I agree it’s not totally clear cut, and some sensible discretion should be applied. On the flip side, I know you’ve mentioned before that content added like this would fail to be recognised for automatic translation (like Chrome offers for people browsing sites not in their systems native language). Also, given that there are quite some combination of browsers/readers which either deliver the CSS content incorrectly or not at all (https://www.powermapper.com/tests/screen-readers/content/css-generated-content/ ), then it would be better to use this technique for supplemental content that’s not essential.

In response to Ashley Sheridan. Reply

+1

In response to Ashley Sheridan. Reply

Came back to this post after retesting this today. It’s literally just IE that has a problem with this. NVDA/JAWS/Voiceover/Talkback + Chrome/Edge/Firefox/Safari all seem to announce ::before and ::after content without issue.

How long should we be expected to continue catering to a defunct browser that even Microsoft doesn’t support anymore?

In response to James. Reply

James, I think you are asking how long we, as in the entirety of the web, should worry about IE. As a blanket statement I cannot say, especially now that Edge has an IE mode (primarily for enterprise users).

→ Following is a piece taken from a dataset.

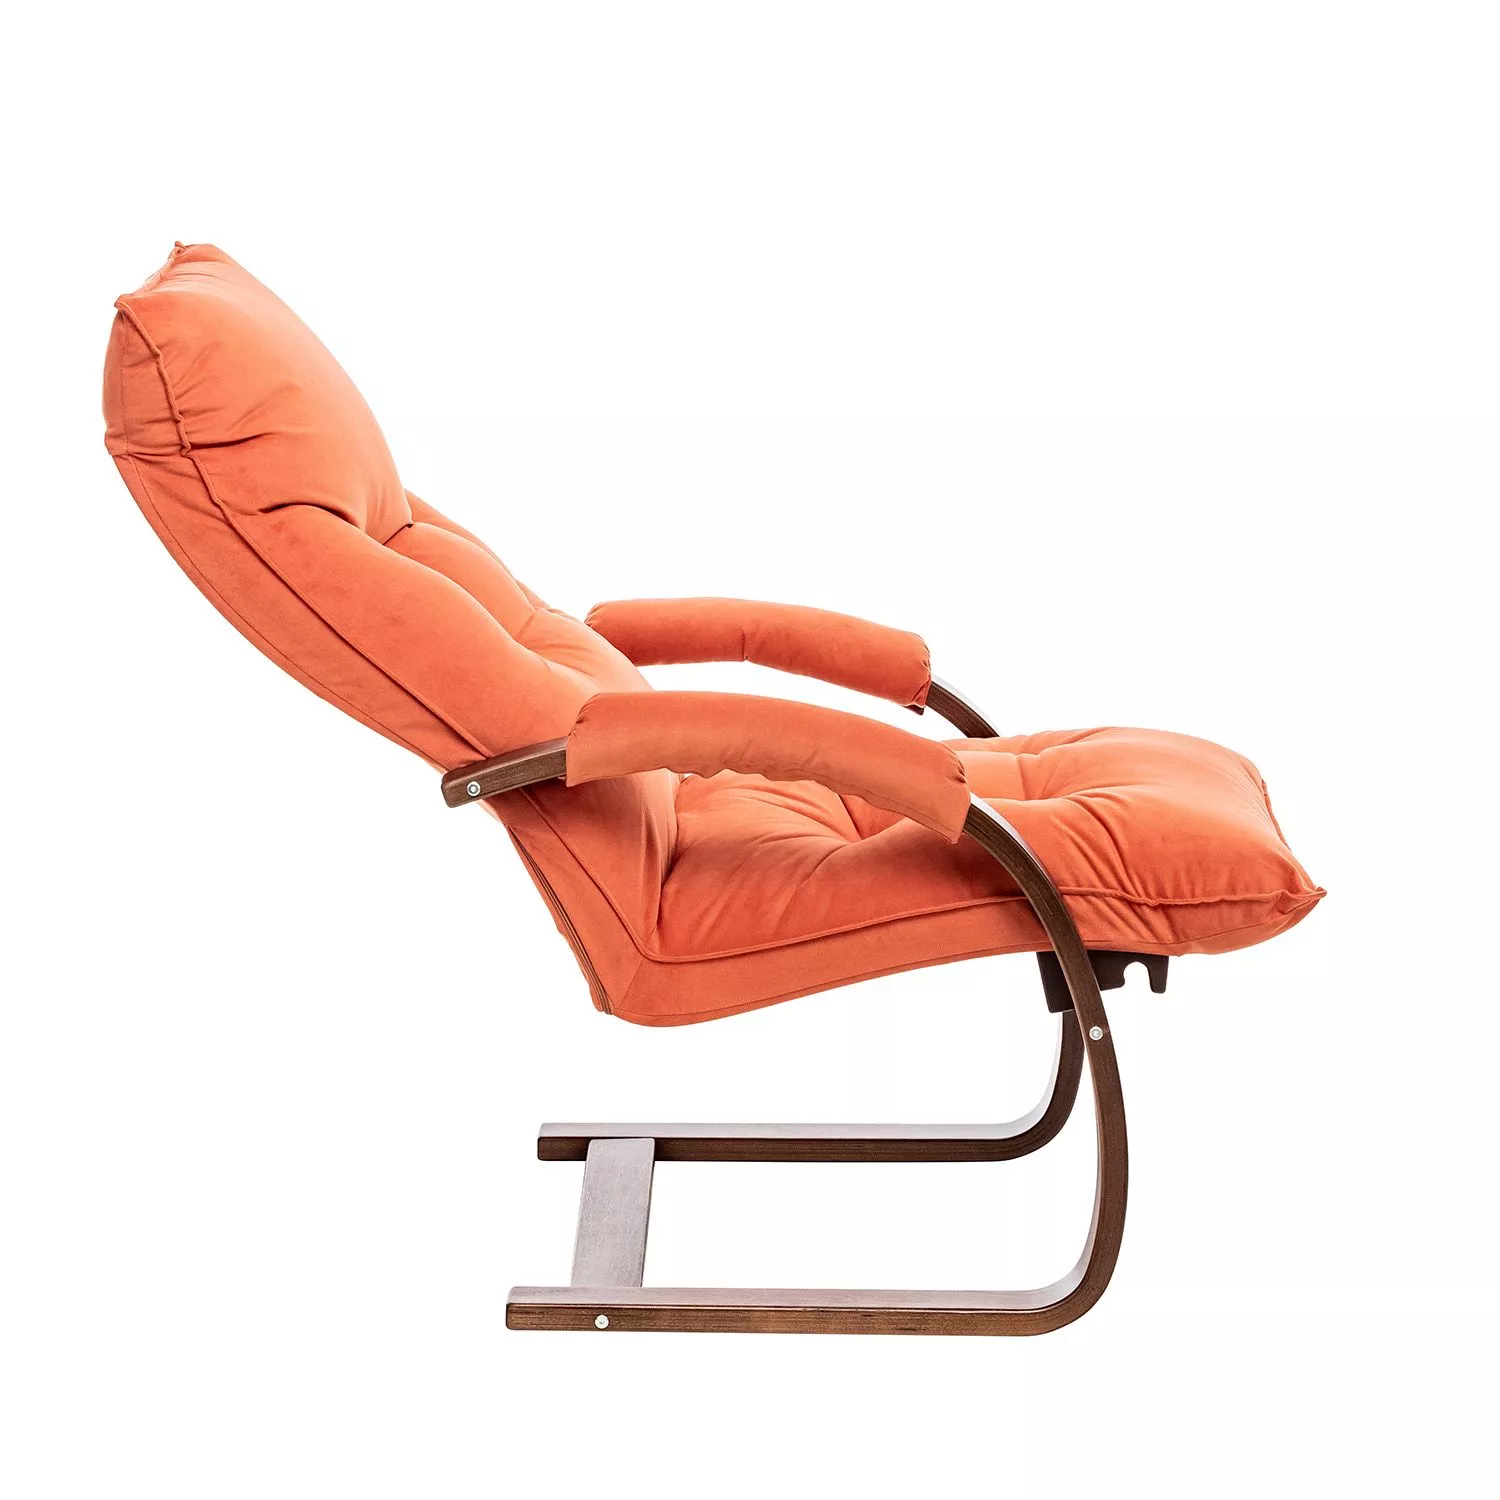 Кресло-трансформер Монако V39 оранжевый / Орех текстура

However, I can say that if the audience for the specific thing for which you want to drop IE support has no IE users (and the tool measuring that does not itself block IE, skewing those numbers) for some period of time that you consider to be sufficient to drop support, then I guess drop IE support for that specific thing.

Reply

Accessibility conformance statements are supposed to specify the technologies that are relied on for conformance. The solution would therefore be to list CSS as a relied-on technology if you are using CSS content (and perhaps other properties such as “display:none”), in which case F87 would not apply. If you don’t list CSS as a relied-on technology, F87 does apply .

It is worth noting that in the UK, the Government Digital Service (GDS) requires that all central government websites work without CSS, JavaScript or images. Their rationale is at https://www.gov.uk/service-manual/technology/using-progressive-enhancement. It’s also worth mentioning that many (perhaps most) central government websites don’t meet this requirement.

In response to Steve Green. Reply

I am assuming that when you say “accessibility conformance statements” you mean the output of a VPAT. If so, yes, those can frame the outcome of an accessibility review (or audit) as the organization sees fit. My point overall was about conformance, not reporting.

For those who want to try their hand at the GDS approach you reference, CSS Naked Day may be worth a look (held annually on 9 April) if only for ideas outside of government context.